--- MATERIAL PROVIDED ---

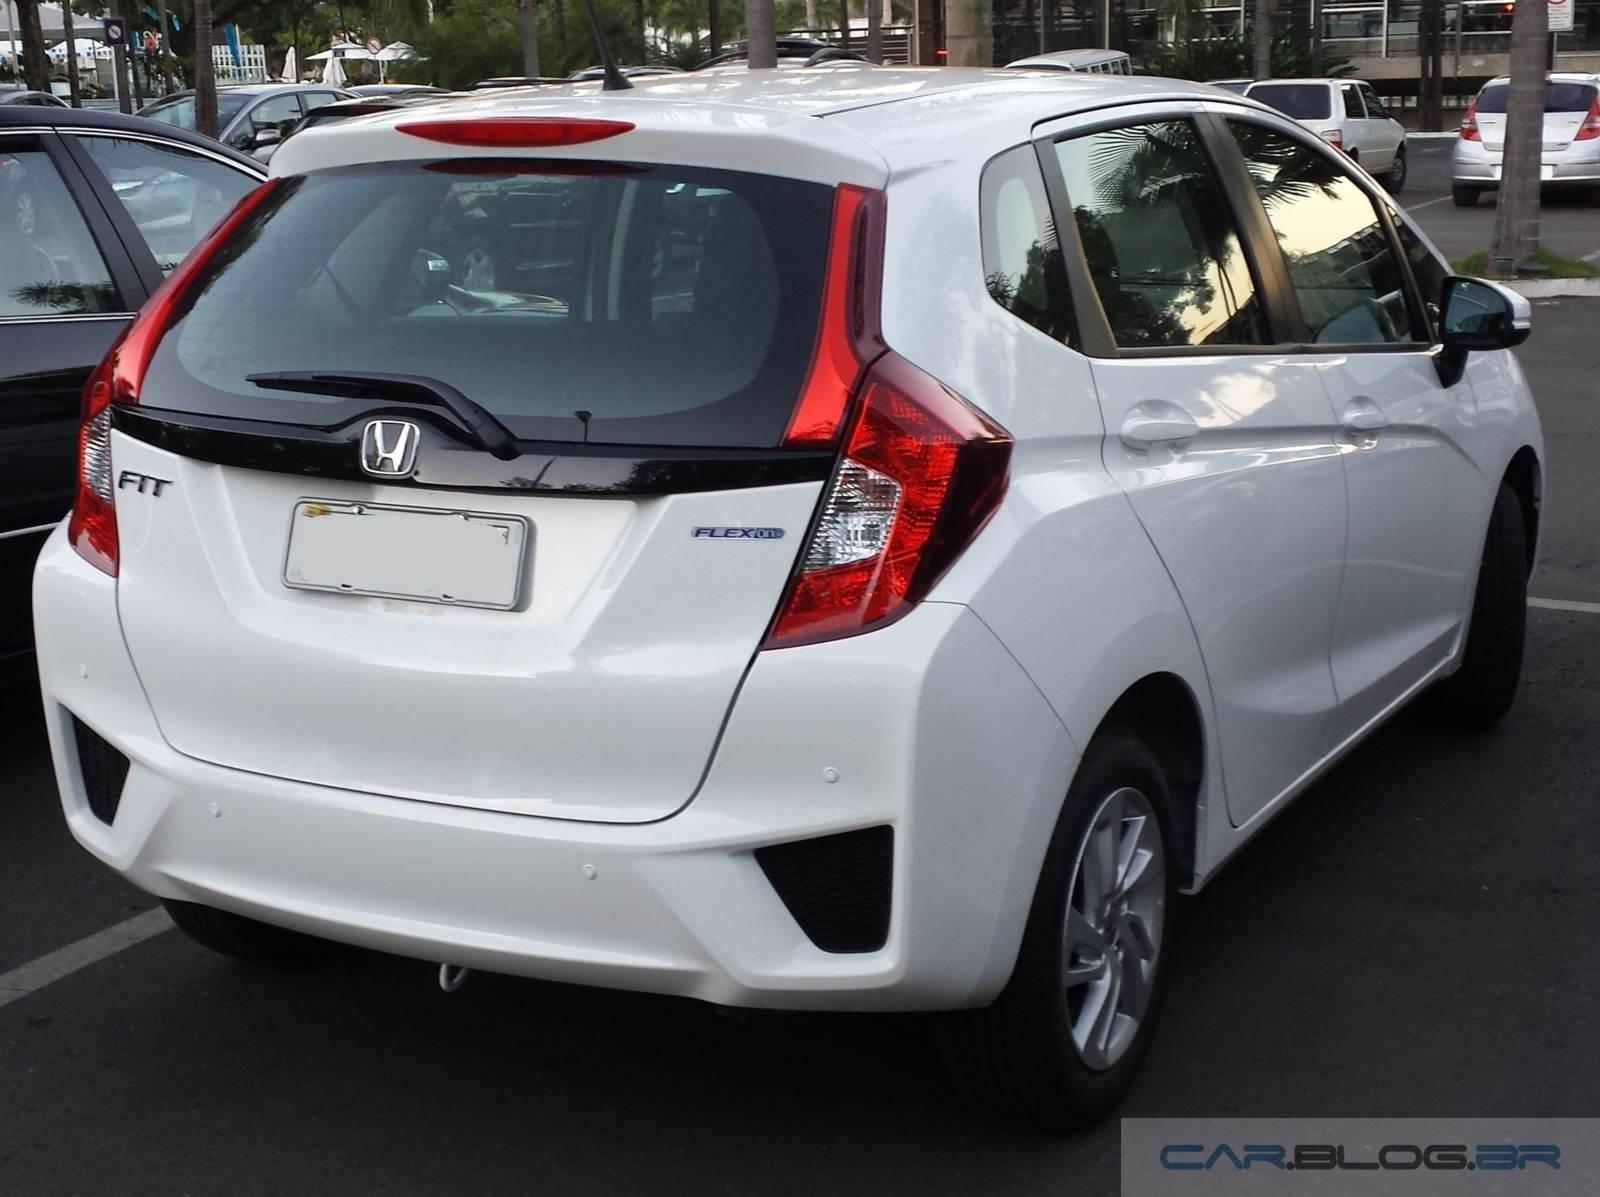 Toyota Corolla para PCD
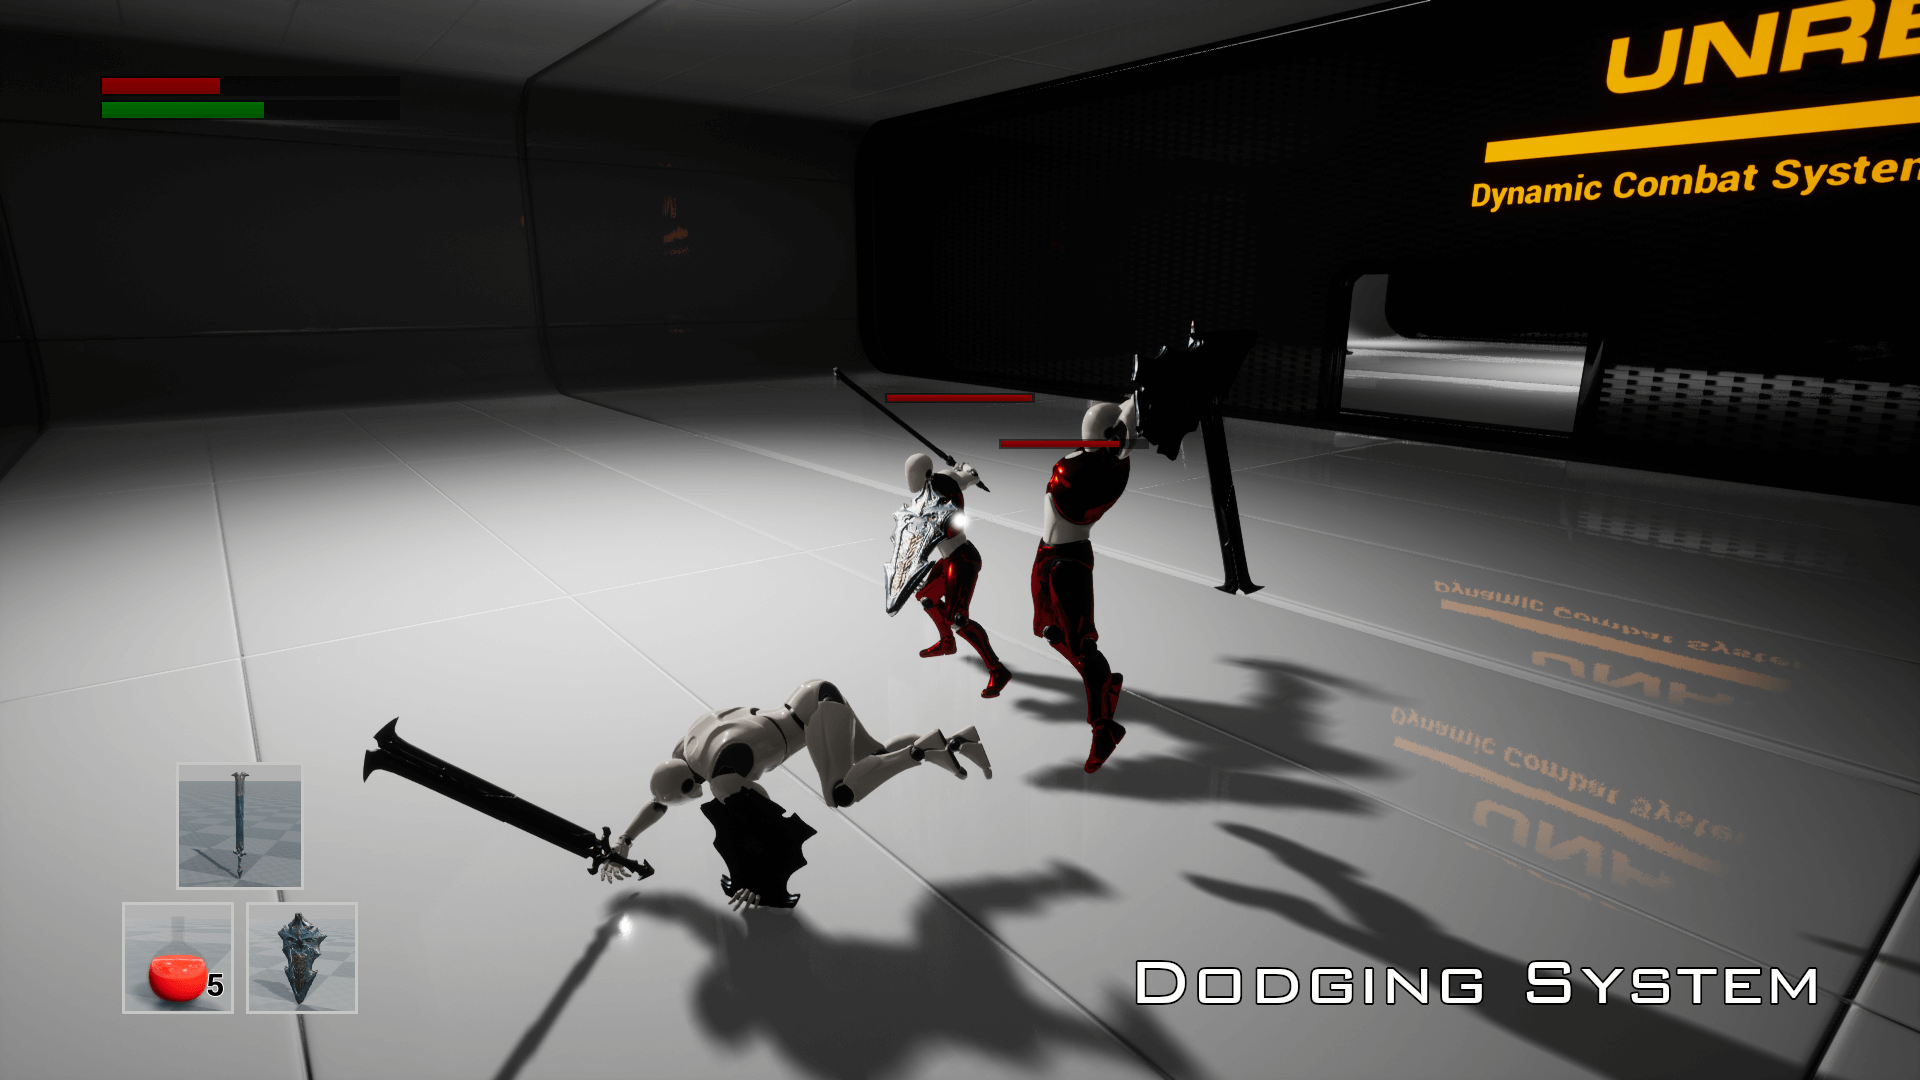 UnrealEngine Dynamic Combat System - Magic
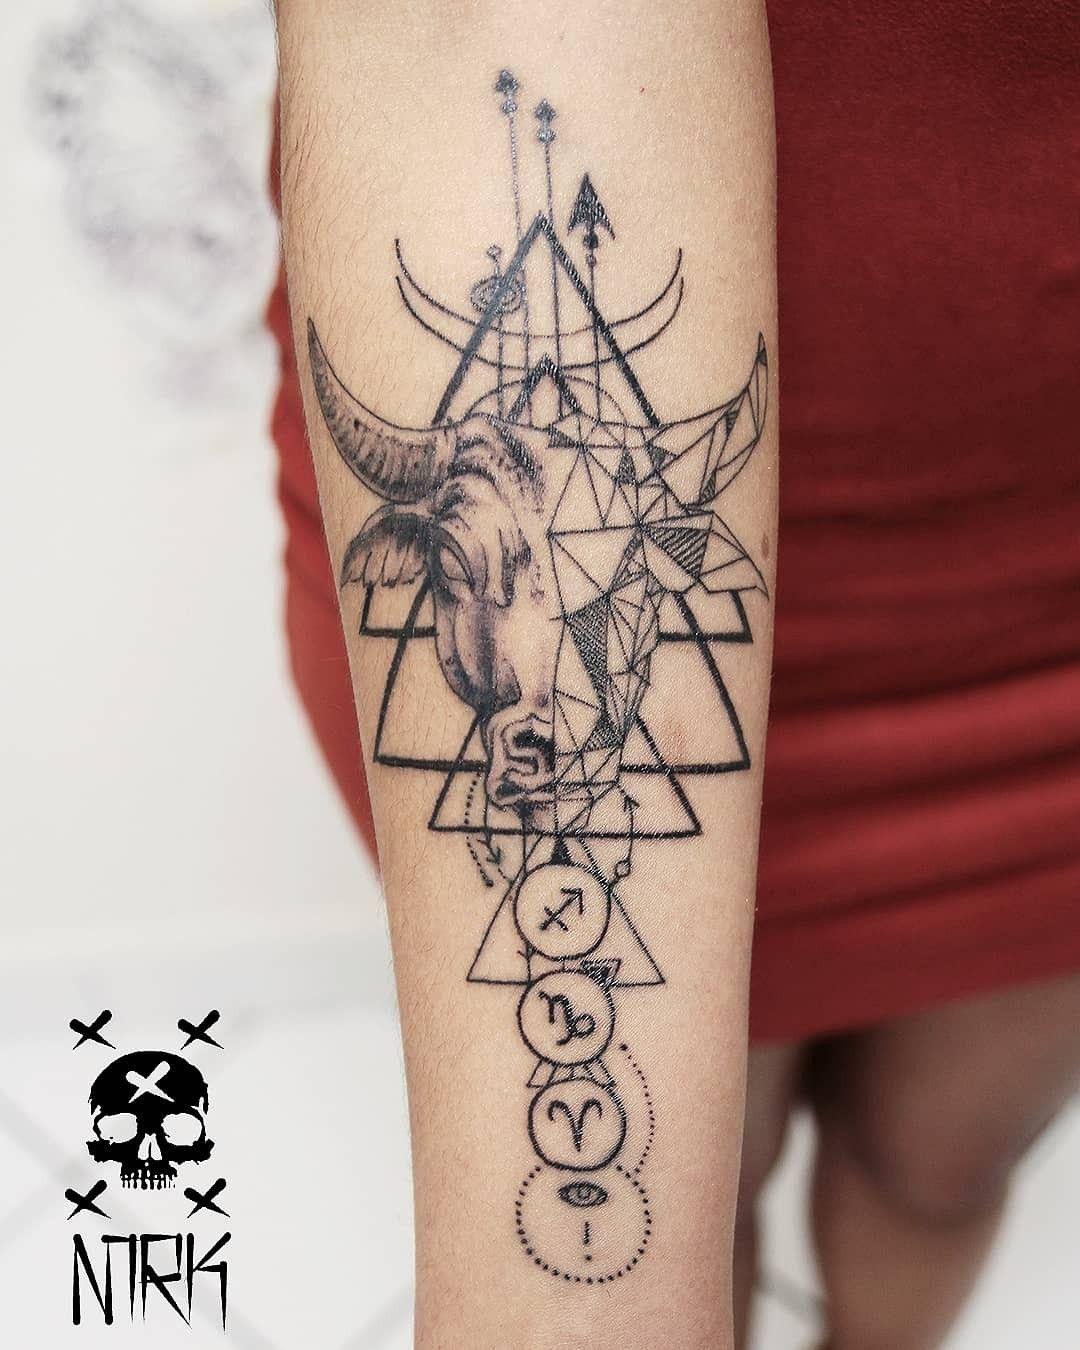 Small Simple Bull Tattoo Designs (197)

---

▸ **EXERCISE DETAILS**
Output the whole of the data, unchanged; keep the pictures out.

▸ **RESULT OF THIS TASK**
 Toyota Corolla para PCD
 UnrealEngine Dynamic Combat System - Magic
 Small Simple Bull Tattoo Designs (197)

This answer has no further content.